In a rich bit of irony, Moskowitz is calling his gun ban for young adults the “Protecting the Second Amendment through Responsible Gun Ownership Act” despite its clear infringement on the Second Amendment rights of those younger than 25. Moskowitz may be right that younger adults commit a disproportionate amount of violent offenses, but the vast majority of those who would be subject to the age-based gun ban are law-abiding citizens. Moskowitz is seeking to deprive millions of Americans their fundamental right to keep and bear arms because a small fraction of that age group commits violent crime; punishing the many while excusing away the actions of a few violent offenders because they’re supposedly too young to fully understand what they’re doing.

Of course Moskowitz still wants them to be able to serve in the military, vote, get married, have kids, drink a beer (or toke up, depending on what state we’re talking about). All of the trappings and benefits of adulthood would still be available to them save for their right to keep and bear commonly-owned firearms that are protected by the Second Amendment. This isn’t about raising the age of adulthood. It’s about denying some adults one of their basic civil rights.

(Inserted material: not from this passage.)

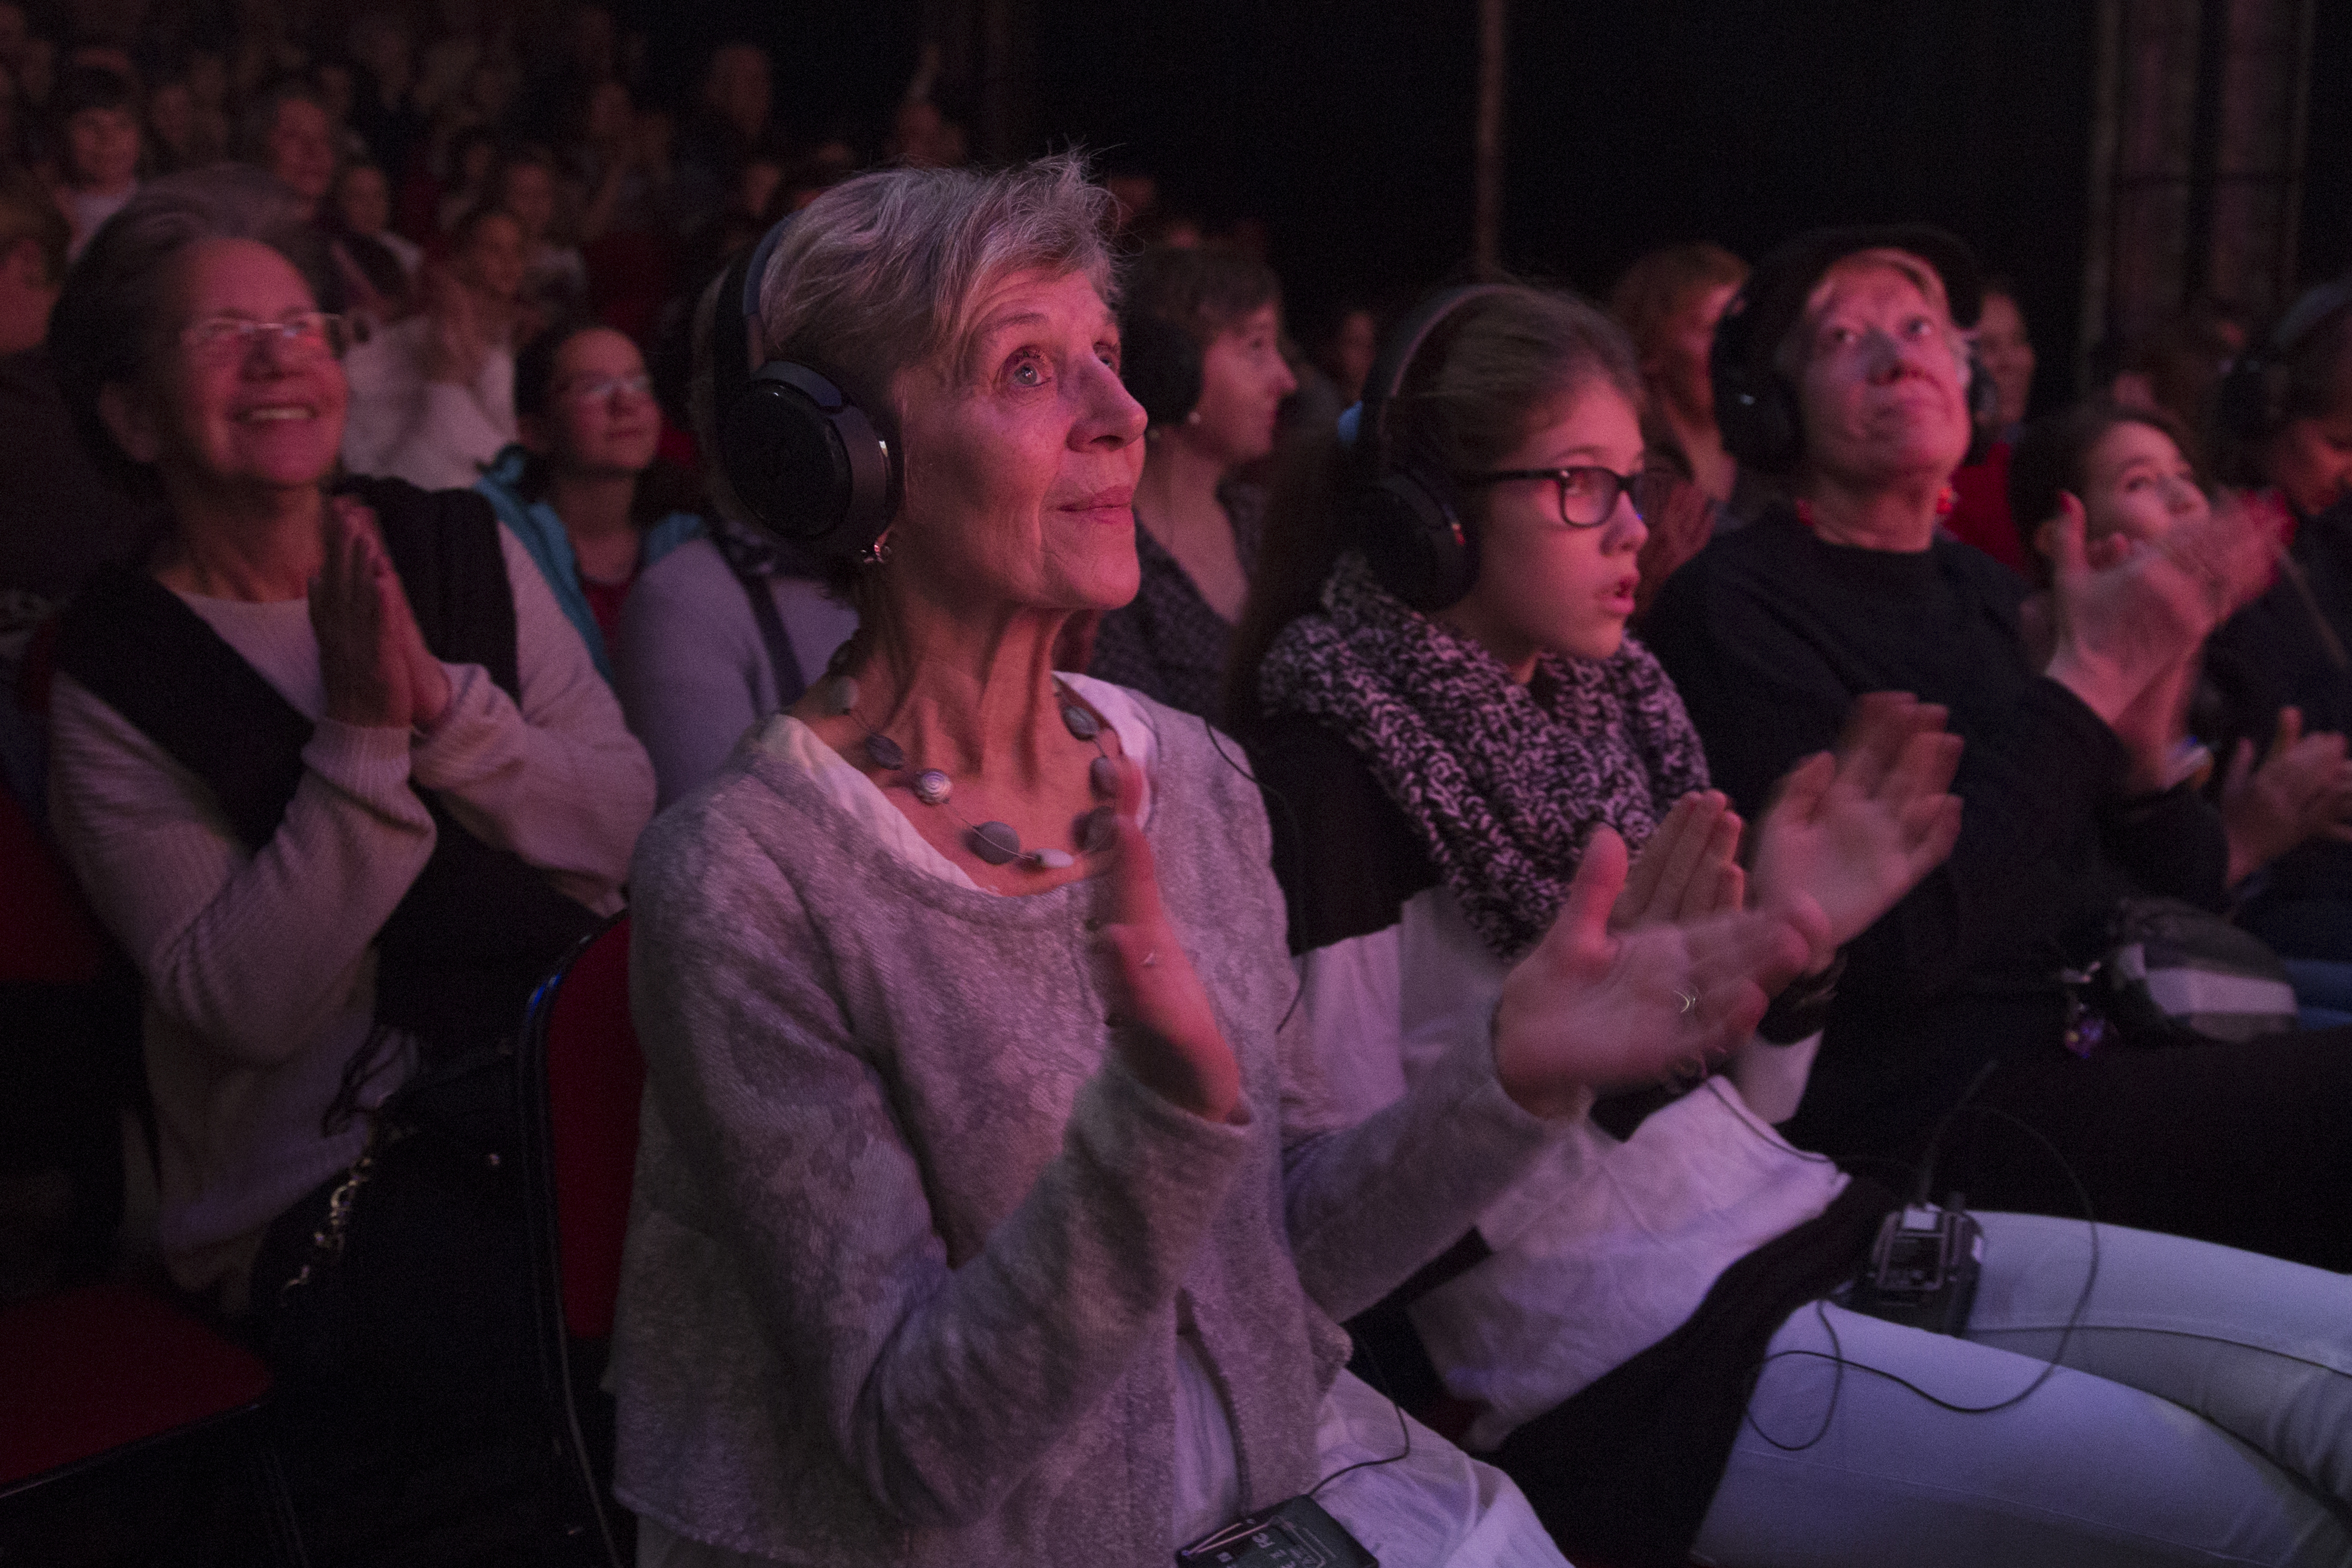 Descriptif de l'image: Une salle de théâtre bondée dans laquelle on voit une femme au premier rang qui applaudit. Elle porte un casque sur les oreilles. A ses côtés et derrière elles plusieurs personnes portent aussi des casques.

By the time I turned 25 I was already married and a step-father to two amazing kids, had started my career in radio, and was getting ready to welcome my first biological child into the world. That little boy, who was born a week after my 26th birthday, is now a responsible 22-year-old whose fully employed, lives on his own, and hasn’t bugged mom or dad for money for over two years now. But as someone who’s just starting out his path in life, he (like his dad at that age) lives in a pretty rough part of town, and has even dealt with the (as yet unsolved) murder of one of his buddies just a few blocks away from where he lived. Being able to protect himself is important to my kid and millions of other young adults, but Moskowitz would jeopardize their own safety and security in order to pass a gun ban that violent criminals and would-be mass murderers would simply ignore with impunity.

Moskowitz’s proposal isn’t just a blatant infringement on the Second Amendment. It’s a downright dangerous piece of legislation that would put many young adults at risk by denying them the ability to purchase the most commonly-used firearms in self-defense. Thankfully, I doubt this terrible idea gets so much as a hearing in a House committee, but if he’s pushing this at the federal level it won’t be long until anti-gun politicians in states like New York and California follow suit, and gun owners and Second Amendment supporters in blue states should be ready to push back when the time comes.